Notebooks for literate programming
Jupyter is a tool for interactive programming, allowing you to create notebooks that combines executable code with explanations in natural language (called literate programming) into a ‘notebook’ file.
In a Jupyter notebook, you can write in natural language complete with markup, but also insert pieces of code between other text. This allows you to guide a reader through the contents step-by-step.
Those also following the Digital Humanities minor will have some experience with this tool already using Python, but it has support for many other programming languages mainly used for data analysis, such as Julia and R.
It is used for education and in tutorials, but lately is has been used increasingly often to publish scientific results, allowing a critical reader to interact with the researchers’ data set in real time.
Before Jupyter
This last point is the main reason for its popularity in academia. The data science community had to endure quite a few scandals the last few years.
Scientists often don’t share the raw data sets they used, and even if they did, the methods described in their papers would not be clear enough to allow someone else to get the same result.

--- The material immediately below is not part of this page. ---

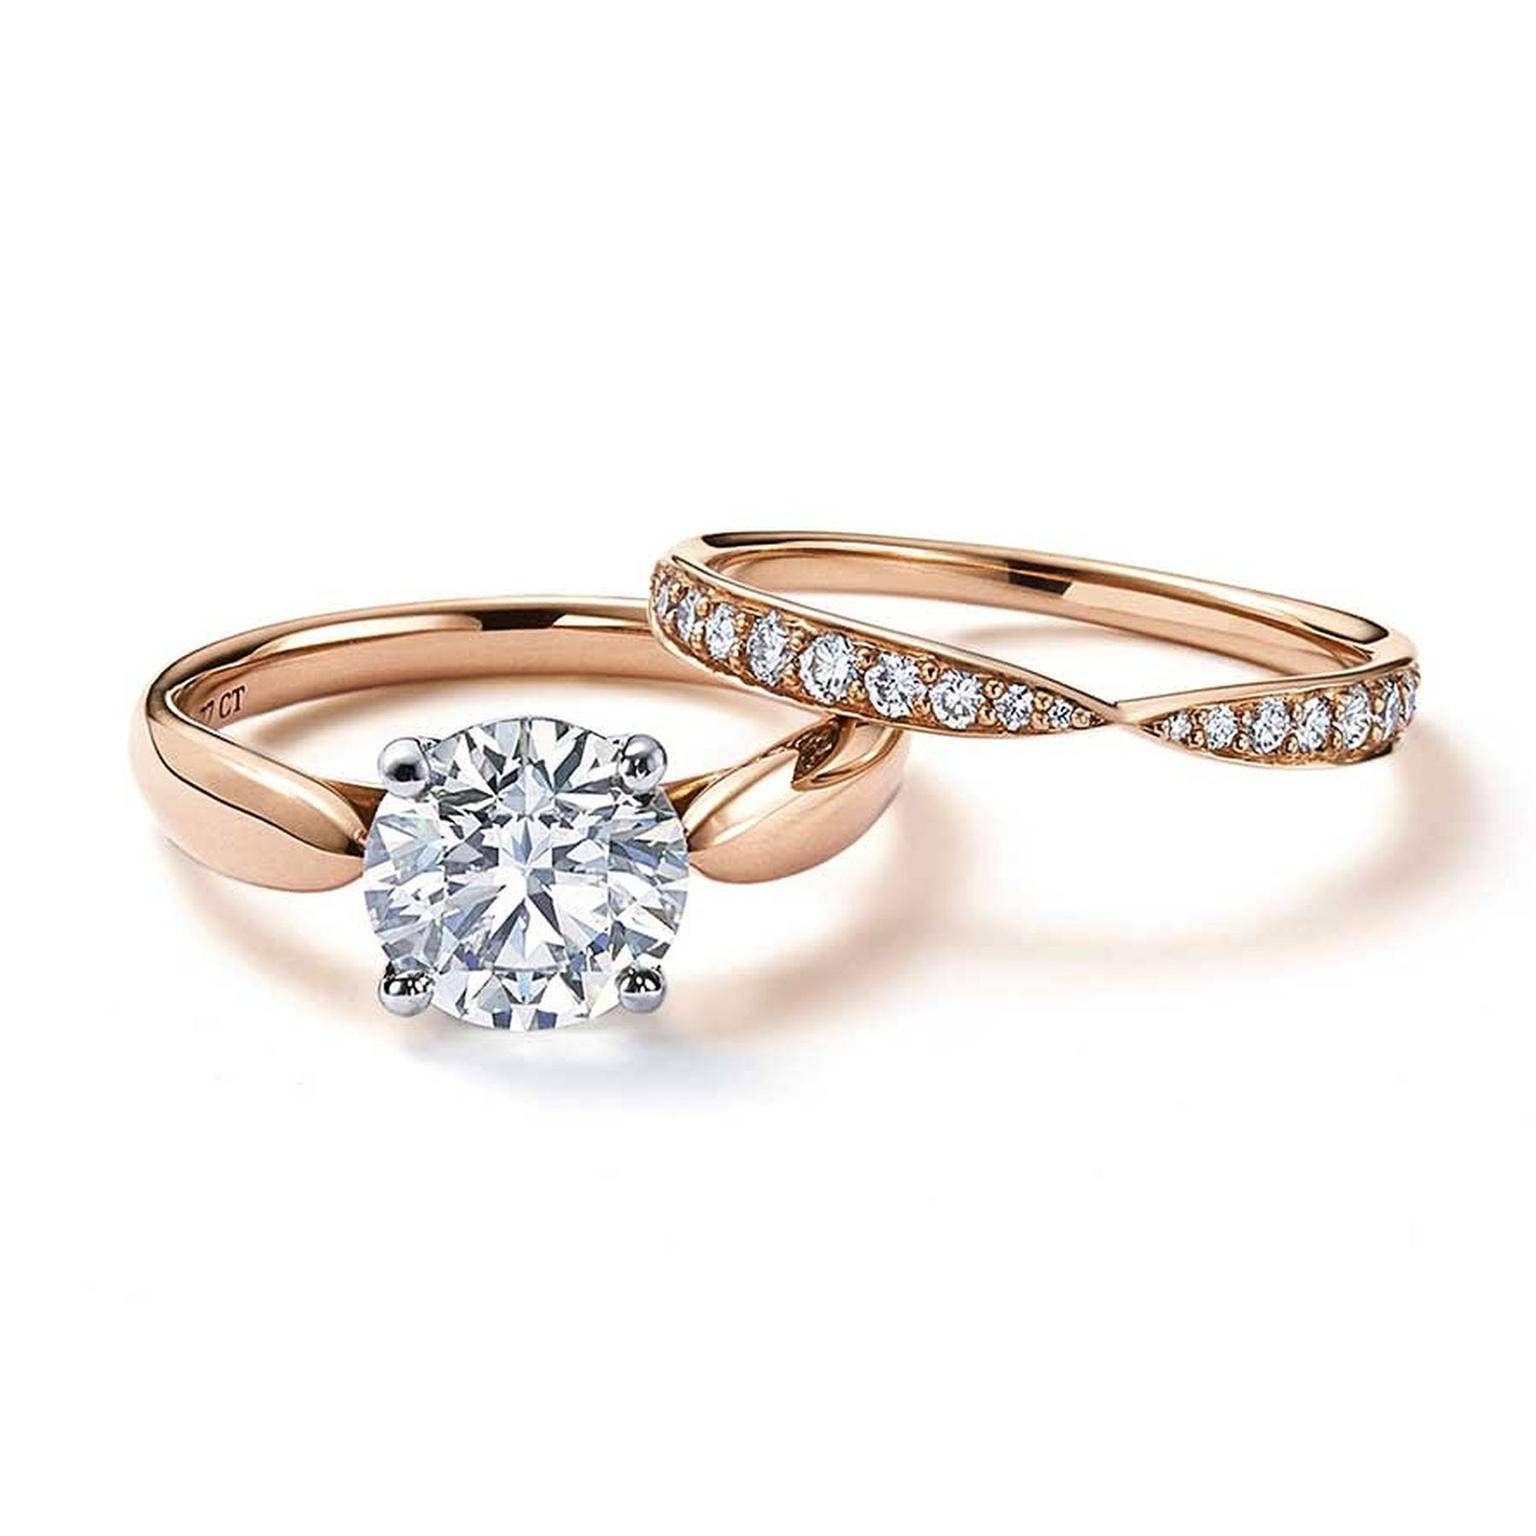 Tiffany Has Captured Our Hearts With Its Rose Gold Engagement Regarding Tiffanys Wedding Bands (Photo 134 of 339)

The emergence of Jupyter as a standard for data science communication has helped researchers to transparently clean up, plot, and run statistical analysis on data, ensuring reproducibility of their work.
Today
Jupyter notebooks are incredibly popular, with more than 10 million notebooks uploaded on the GitHub code-sharing platform as of today.
The popularity in academia is so great that The Atlantic has called the scientific paper obsolete when compared with literate programming notebooks such as Jupyter notebooks.
Besides research and science communication, Jupyter notebooks have found use in tutorials and demonstrations of software. Notebooks are used to teach (for example in the Hacking the Humanities course), to great effect: research suggests that using Jupyter notebooks helps students with developing their written communication.
The future for Jupyter
There are many exciting developments going on that will make Jupyter even more powerful.
Frameworks for automated Jupyter notebook grading already exist, but researchers have made tools that can integrate them with learning management systems such as Canvas, and perhaps soon also BrightSpace.
Extensions of the Jupyter framework can make it possible to use multiple programming languages in the same notebook.
As data sets become increasingly large, cloud computing has a chance to step in. For example, Google’s Colaboratory project allows anyone to interactively run notebooks that were shared by others on GitHub.
JupyterLab is a next generation notebook interface that is more similar to integrated development environments traditionally used by developers.
Future tools for the humanities
It’s clear that Jupyter has began a revolution in data science, and its possible uses are likely not yet fully explored. I am curious if it can kick off a similar change of paradigm in the humanities. Perhaps there are places in humanities research that digital tools can fill.
Hopefully we’ll gain some more insights on this over the course of the Digital Humanities minor!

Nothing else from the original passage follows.